REPRESENTATIONS AND WARRANTIES OF SELLER
Seller hereby warrants and represents to Buyer that, as of the date hereof
through the Closing Date, that:
1. Seller is incorporated under the laws of the State of Texas and has the
requisite power and authority to carry on its business as it is now being
conducted.
2. Seller is the sole owner of the Assets referenced and described in
Exhibit "A" attached hereto with full right, power and authority to sell, lease
or dispose of same, and that the Assets shall be conveyed to Buyer free and
clear of any debt, lien or other encumbrance whatsoever.

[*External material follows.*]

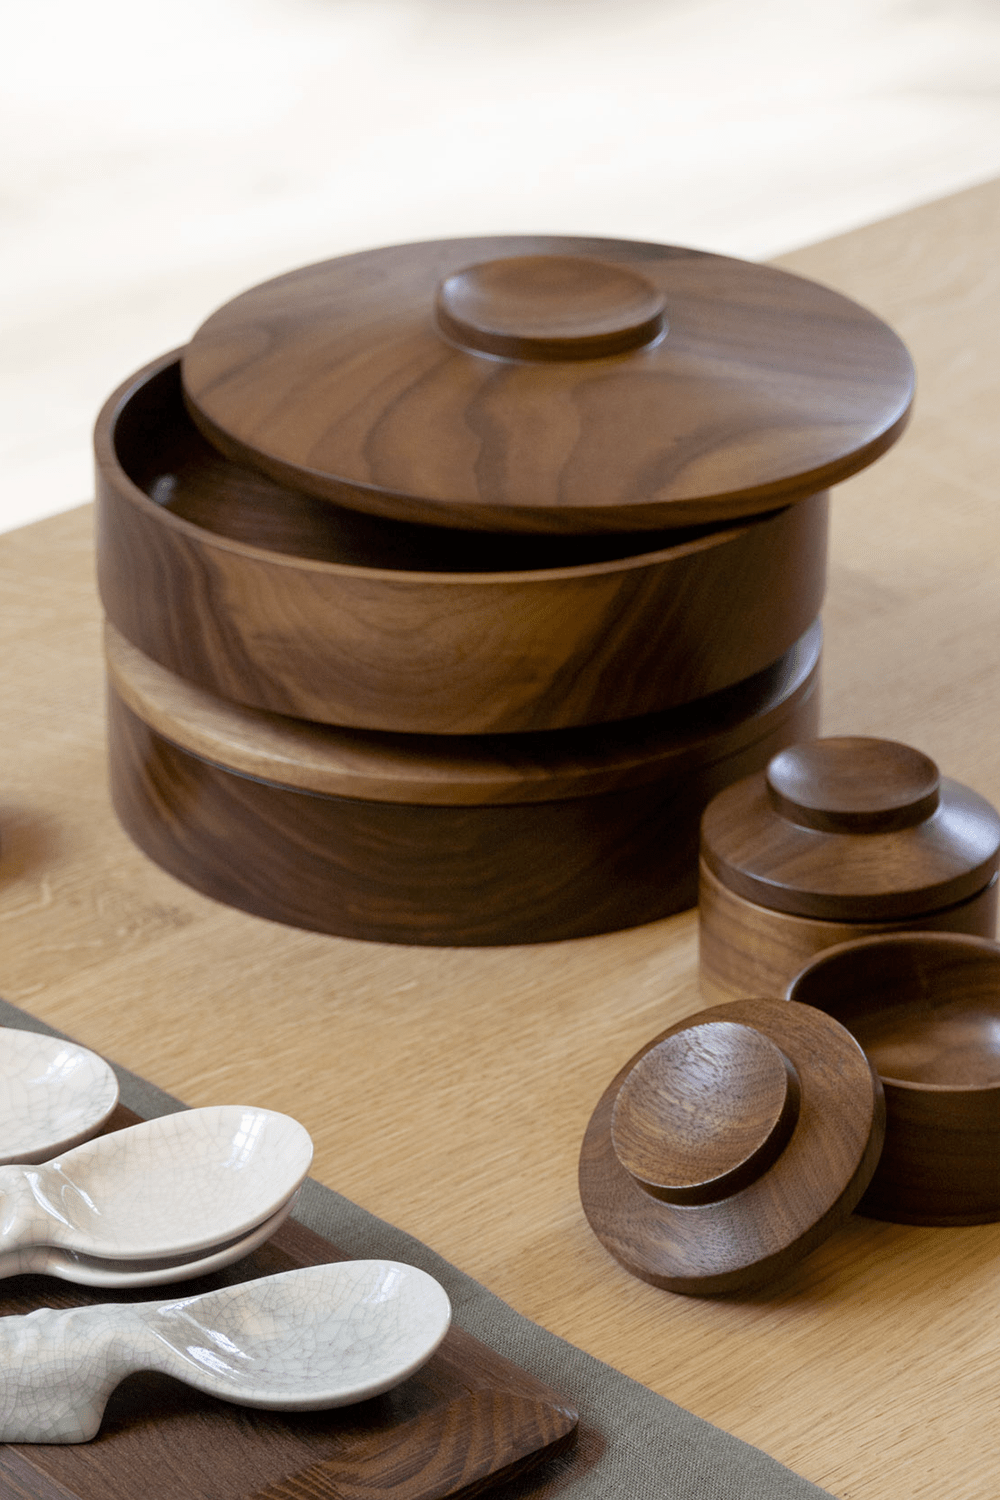 Repeat Stackable Cookie Jars by Het Houtlokaal - A set of dark walnut wood jars, hand-turned and modular. The stackable design allows for easy storage and a striking centrepiece.

3. To the extent relating to or affecting the Assets being conveyed or
leased hereby, Seller will operate (up to the Closing Date) the Business in the
usual and ordinary manner and has not:
a. Borrowed or agreed to borrow any funds or incurred, or become
subject to, any obligation or liability (absolute or contingent)
covering the Assets conveyed hereby;
b. Except in the ordinary course of business and consistent with the
past practice of Seller, sold, transferred or otherwise disposed of,
or agreed to sell, transfer or otherwise dispose of, any of the
Assets, or canceled or otherwise terminated, or agreed to cancel or
otherwise terminate, any debts or claims owed to Seller in
connection with the Assets;
c. Entered or agreed to enter into any agreement or arrangement
granting any preferential rights to purchase any of the Assets
(including management and control thereof), or requiring the consent
of any party to the transfer and assignment of the Assets (including
management and control thereof);
d. Suffered any damages, destruction or losses or waived any rights
of value which, in the aggregate, are material considering the
Business;
e. Other than in the ordinary course of business, made or permitted
any amendment or termination of any contract, agreement or license
to which it is a party or by which it or any of the Assets are
subject;
f. To the best of Seller's knowledge, incurred or become subject to
any claim or liability for damages or alleged damages for actual or
alleged negligence or other tort or breach of contract which is not
fully covered by insurance underwritten by responsible insurers; and
g. Entered into, agreed to enter into, or consummated any other
transaction other than in the ordinary course of business.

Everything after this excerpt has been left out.